Django does a lot automatically: authentication, schema creation, ORM, default
forms, admin interface. These are things useful to 95% of CRUD apps.

At a certain complexity, nearly every project would have to replace or mostly
replace all of those. A full table scan is prohibitive, you want to customize
indexes, you want to customize the design of everything, etc.

The Play Framework provides just that: an web MVC framework with basic
routing, templating, and HTTP utilities. It's more general and will scale
further in project complexity, but you should expect to spend more time
figuring stuff out initially.

\---

Other than that, there are the obvious differences between Python and Scala.
Personally, I love, love, love the confidence of static verification, but
there are good things about both sides.

------
alexbecker
Django is great for fast prototyping if you need very dynamic pages (because
views written in Python are so powerful), a complex site structure (because it
has excellent url routing), and lots of database interaction (because of the
ORM). If you only need the first two, I recommend Flask instead.

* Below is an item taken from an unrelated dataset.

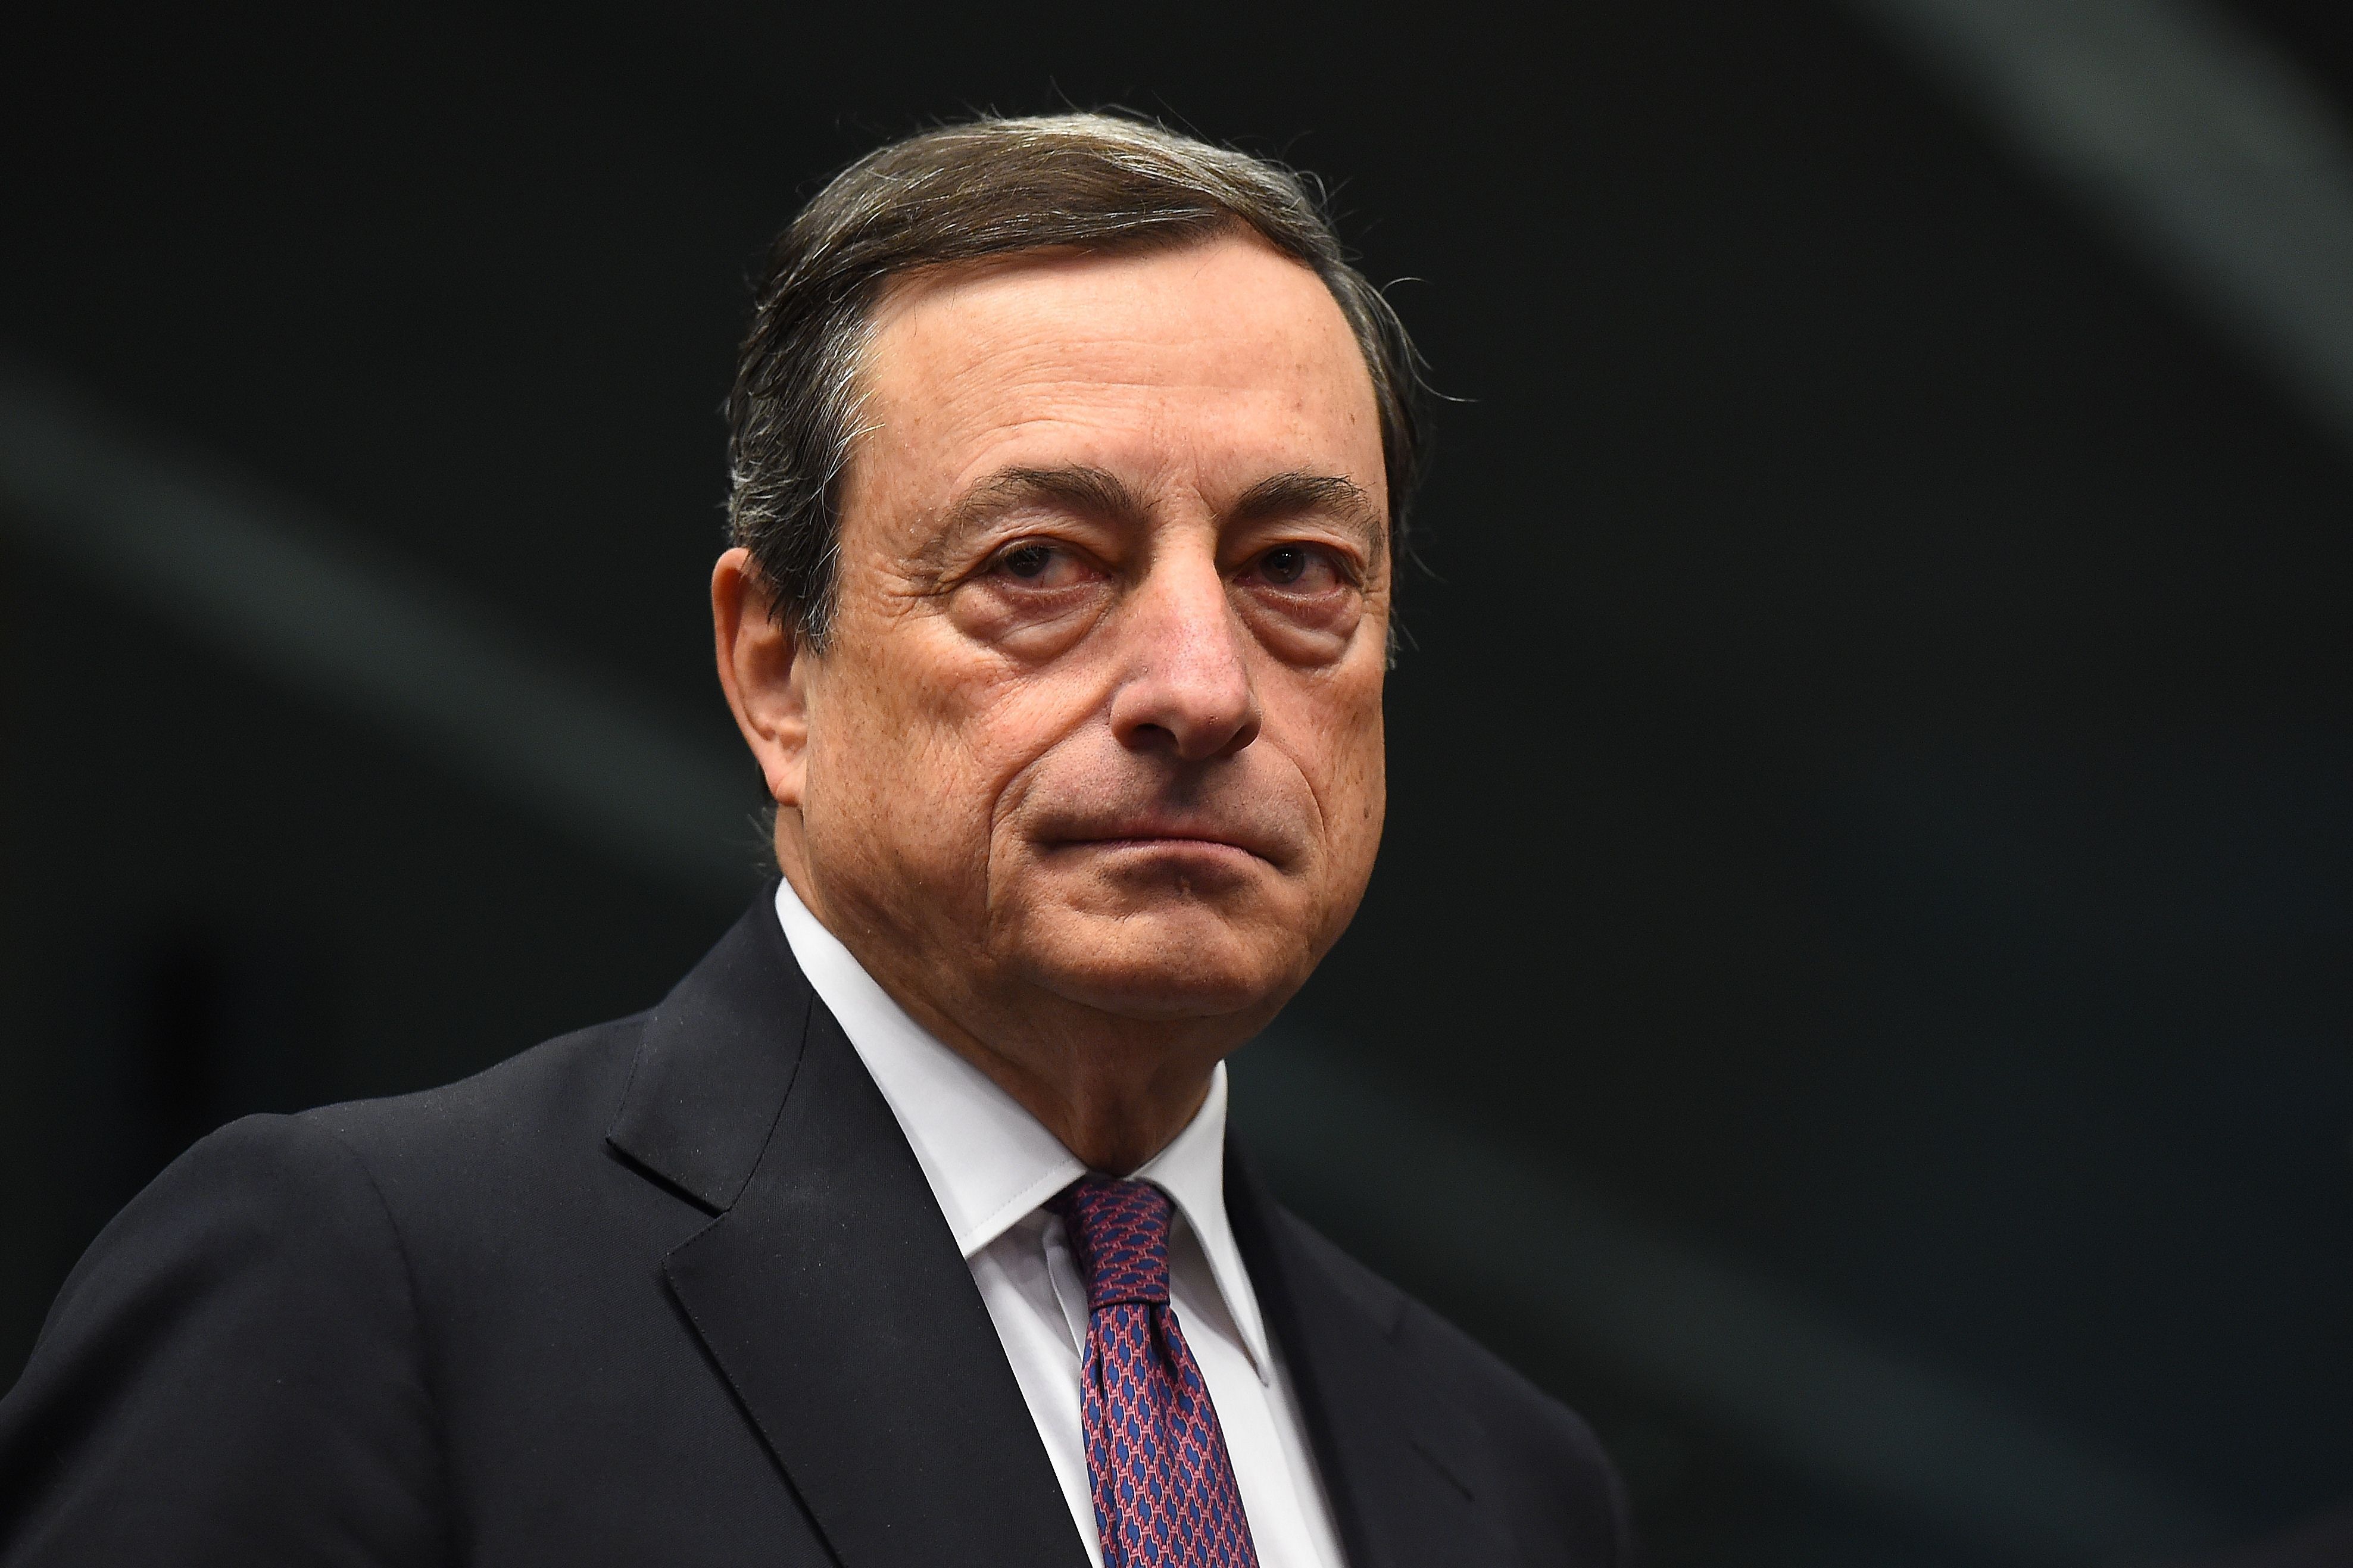 Cu maşini în flăcări pe străzile Frankfurtului, şeful BCE apără politicile de austeritate şi îndeamnă la unitate, la inaugurarea noului sediu

But be careful if you intend to create a stable, heavily-used site. I have so
many problems with Django in this use case that I've gotten tired of listing
them each time it comes up and collected them into a blogpost:
[https://alexcbecker.net/blog.html#django-is-
terrible](https://alexcbecker.net/blog.html#django-is-terrible)

------
megamark16
Django gives you a ton out of the box, with lots of sane defaults, but it
still allows you to override those defaults when you're ready for more
complicated functionality or business rules. I like the templating language,
it lets you drop a lot of dynamic functionality into existing html templates,
while staying out of the way for the most part.

------
econner
Lots of people will say not to use Django because ORMs don't scale. In my
experience, if you don't use an ORM you end up writing one (and doing a poor
job) in the early stages of a project. Usually this happens because you're
changing things quickly and favoring iteration time. You don't know what
you're building yet, so you can't choose the super optimized solution. Once
you need to scale things can become specialized and it's easier to go that
route because you have a better idea what you're building.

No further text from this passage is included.